Diagram dividing the 5 stages of rendering into two groups, with a frame tree being passed from part 1 to part 2

But the browser doesn’t just have to do this once for a web page. It has to do it over and over again for the same web page. Any time something changes on this page—for example, a div is toggled open—the browser has to go through a lot of these steps.

Diagram showing the steps that get redone on a click: style, layout, paint, and composite

Even in cases where nothing’s really changing on the page—for example where you’re scrolling or where you are highlighting some text on the page—the browser still has to go through at least some of the second part again to draw new pixels on the screen.

Diagram showing the steps that get redone on scroll: composite

If you want things like scrolling or animation to look smooth, they need to be going at 60 frames per second.

You may have heard this phrase—frames per second (FPS)—before, without being sure what it meant. I think of this like a flip book. It’s like a book of drawings that are static, but you can use your thumb to flip through so that it looks like the pages are animated.

In order for the animation in this flip book to look smooth, you need to have 60 pages for every second in the animation.

Picture of a flipbook with a smooth animation next to it

The pages in this flip book are made out of graph paper. There are lots and lots of little squares, and each of the squares can only contain one color.

The job of the renderer is to fill in the boxes in this graph paper. Once all of the boxes in the graph paper are filled in, it is finished rendering the frame.

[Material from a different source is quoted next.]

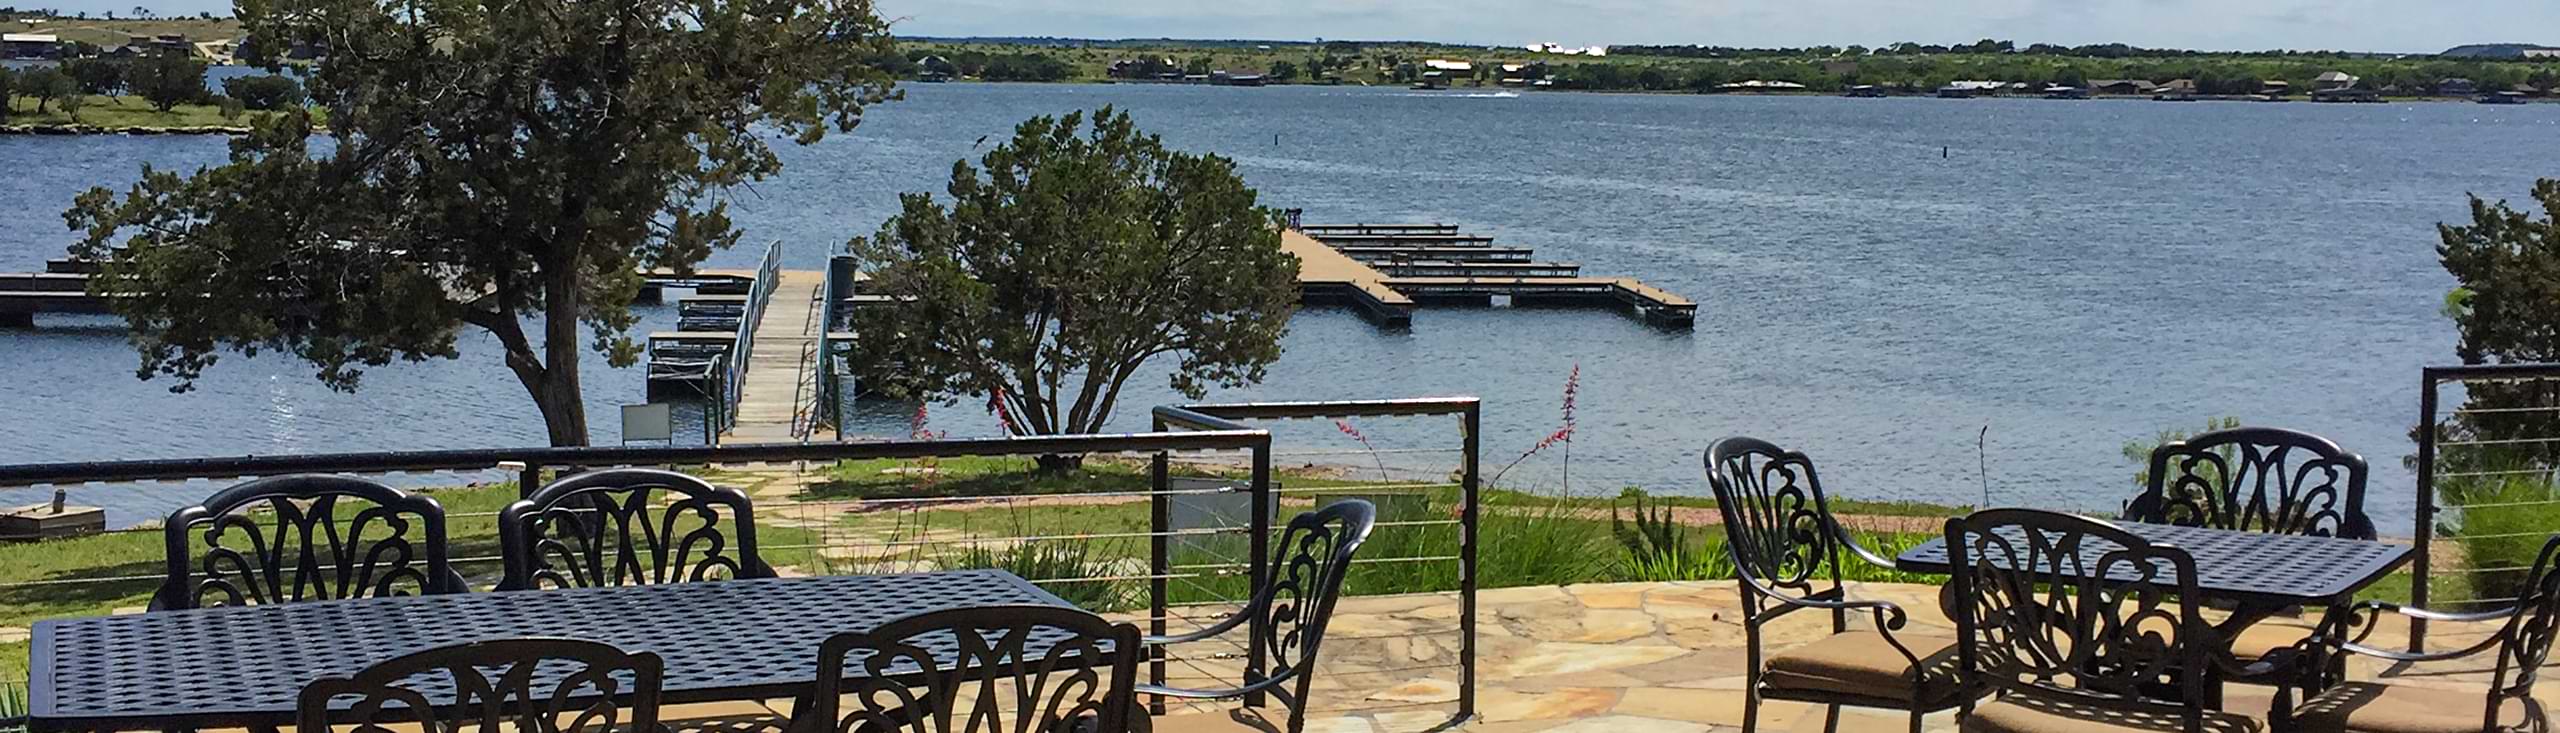 View property for sale at The Harbor on Possum Kingdom Lake

Now, of course there is not actual graph paper inside of your computer. Instead, there’s a section of memory in the computer called a frame buffer. Each memory address in the frame buffer is like a box in the graph paper… it corresponds to a pixel on the screen. The browser will fill in each slot with the numbers that represent the color in RGBA (red, green, blue, and alpha) values.

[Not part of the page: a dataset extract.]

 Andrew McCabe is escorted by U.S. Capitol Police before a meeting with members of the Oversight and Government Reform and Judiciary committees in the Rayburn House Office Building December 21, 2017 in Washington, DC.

A stack of memory addresses with RGBA values that are correlated to squares in a grid (pixels)

When the display needs to refresh itself, it will look at this section of memory.

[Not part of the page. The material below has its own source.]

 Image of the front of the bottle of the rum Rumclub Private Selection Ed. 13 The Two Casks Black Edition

Most computer displays will refresh 60 times per second. This is why browsers try to render pages at 60 frames per second. That means the browser has 16.67 milliseconds to do all of the setup —CSS styling, layout, painting—and fill in all of the slots in the frame buffer with pixel colors. This time frame between two frames (16.67 ms) is called the frame budget.

Sometimes you hear people talk about dropped frames. A dropped frame is when the system doesn’t finish its work within the frame budget. The display tries to get the new frame from the frame buffer before the browser is done filling it in. In this case, the display shows the old version of the frame again.

A dropped frame is kind of like if you tore a page out of that flip book. It would make the animation seem to stutter or jump because you’re missing the transition between the previous page and the next.

Picture of a flipbook missing a page with a janky animation next to it

So we want to make sure that we get all of these pixels into the frame buffer before the display checks it again. Let’s look at how browsers have historically done this, and how that has changed over time. Then we can see how we can make this faster.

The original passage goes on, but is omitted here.